Mohon tunggu...
Christie Damayanti
Christie Damayanti Mohon Tunggu... Arsitek - Just a survivor

Just a stroke survivor : stroke dan cancer survivor, architect, 'urban and city planner', author, traveller, motivator, philatelist, also as Jesus's belonging. http://christiesuharto.com http://www.youtube.com/christievalentino http://charity.christiesuharto.com

Selanjutnya

Tutup

Trip Pilihan

"Baaaaasssss ...", Teriakku sambil Melambaikan Tangan Kiriku

17 Februari 2020   10:56 Diperbarui: 17 Februari 2020   12:44 216
+
Laporkan Konten
Laporkan Akun
Kompasiana adalah platform blog. Konten ini menjadi tanggung jawab bloger dan tidak mewakili pandangan redaksi Kompas.

By Christie Damayanti

Aku keluar dari stasiun Shin Kobe khusus Shinkansen ke lobby utama .....

Shin Koba Station!

Aku sih, bukan karena kota Kobe nya yang membuat aku sangat excited. Tetapi, yang membuat aku teramat excited sejak pagi hari waktu masih di apartemen Michelle di Funabashi Hoten adalah, mau bertemu dengan tema TK, yang tidak bertemu lagi sejak lulus TK tahun 1975!
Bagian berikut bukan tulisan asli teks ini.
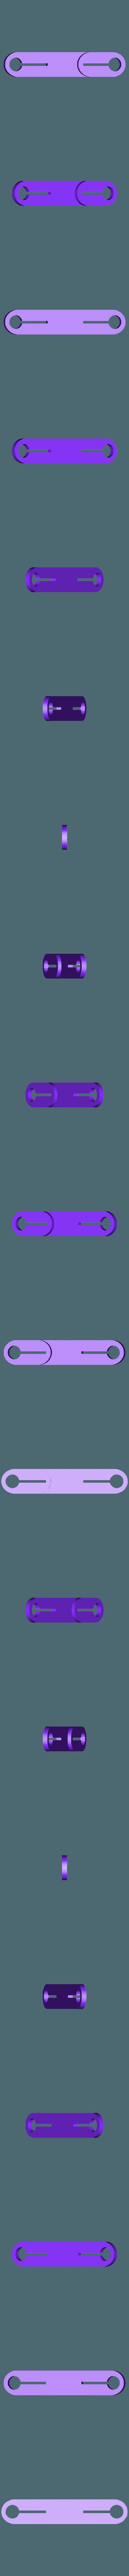 5cm_Strap_Holes.stl Download free STL file Flexible Filament Bikini Top and Bottom • 3D printable design, SexyCyborg
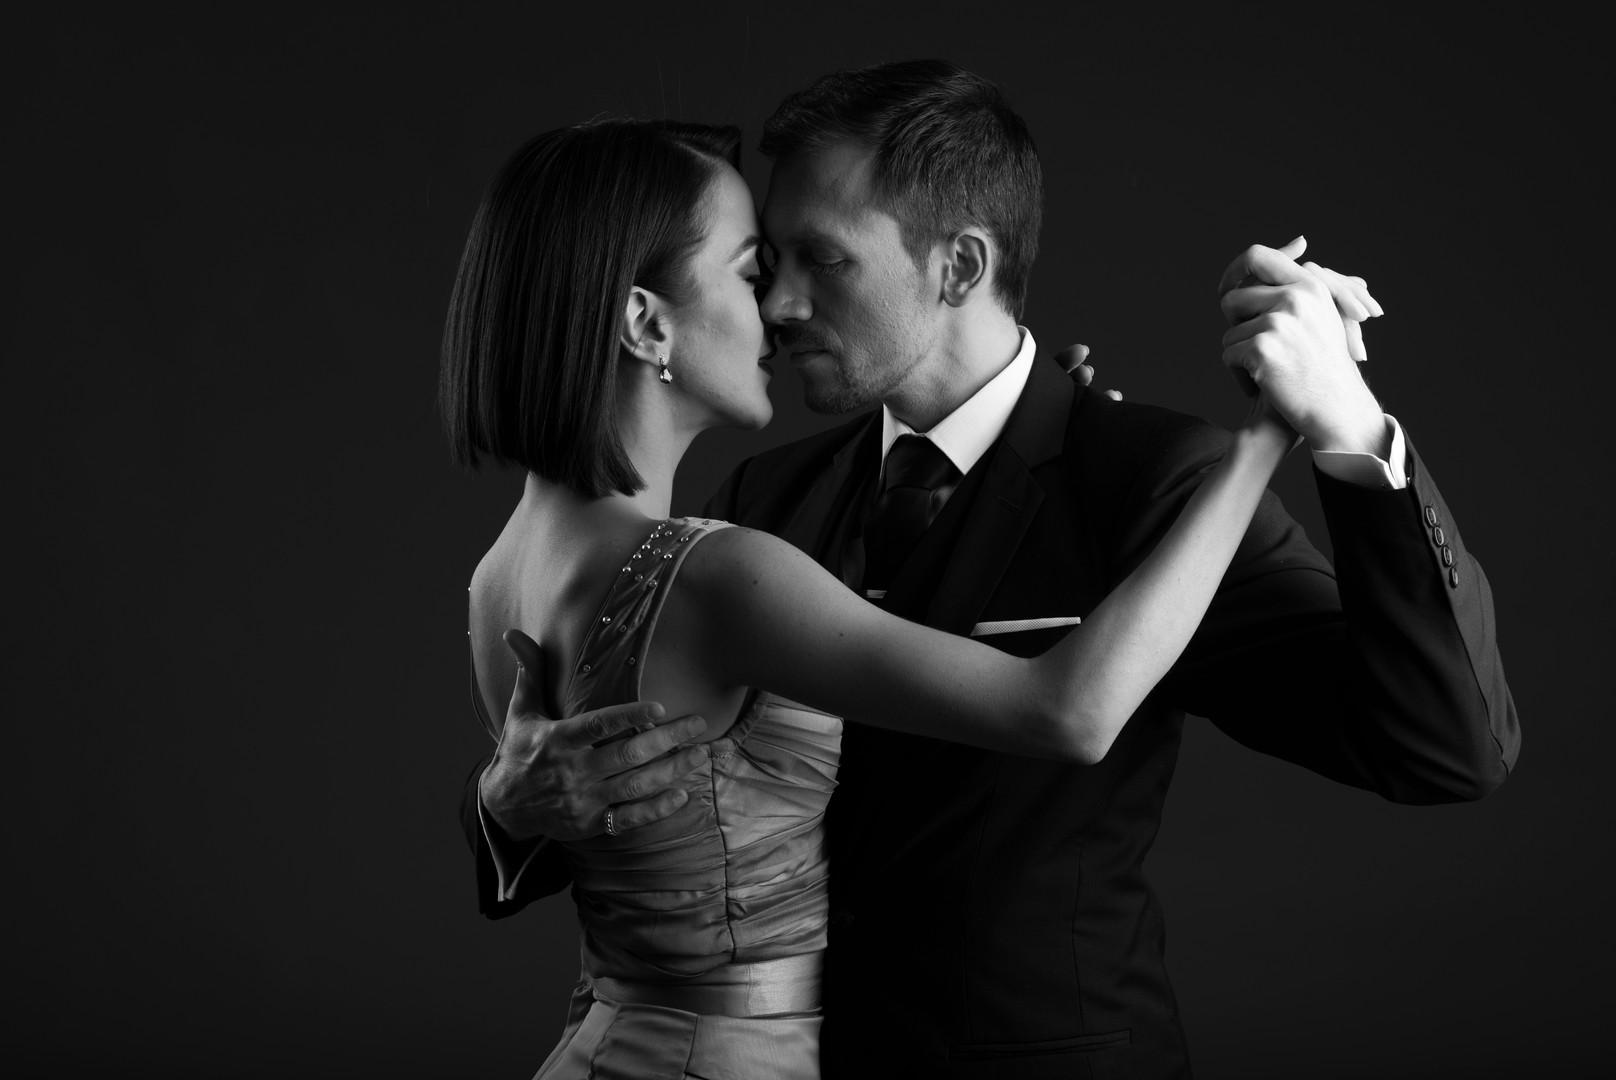 duo danseurs 3.jpg

Gila, kan! 44 tahun tidak bertemu, dan aku tidak tahu, wajah dan rupa teman TK ku seperti apa.

Walau Baskoro sudah mengirimkan fotonya, kemarin sebelum aku kesana, tetapi bayngan wajahnya waktu TK, tetap tertinggal sebagai memori di otak cacatku.

Aku tidak sabar untuk turun. Kota Kobe termasuk kota besar di wilayah Kansai, dan merupakan juha kota bisnis. Sehingga, dari Tokyo ke Kobe pun bukan hanya wisatawan2 asing saja yang kesana seperti aku, tetapi bisnis2 man atau bisnis2 woman dengan baju2 resmi kantoran, yang antri untuk turun.

Setiap kota yang disinggahi Shinkansen, mempunyai waktu sekitar 15 menit untuk menurunkan dan menaikkan penumpangnya. Seperti di pesawat, sebagai disabilitas aku selalu dilayani untuk masuk ke pesawat yang pertama, dan disusul oleh keluarga yang mempunyai bayi dan anak2 kecil.

Tetapi, ketika turun dari pesawat, kami kaum disabled akan dilayani yang terakhir, setelah semua penumpang yang non-disabilitas semua sudah turun.

Begitu juga di kereta Shinkansen. Petugas2 Stasiun Shin Kobe pun sudah naik sebelum penumpang turun, tetapi 2 orang petugas yang akan melayaniku, hanya menunggu di samping kanan dan kiriku, siap melayani aku dengan kursi rodaku, mengantri di ujung belakang, menunggu semua penumpang turun.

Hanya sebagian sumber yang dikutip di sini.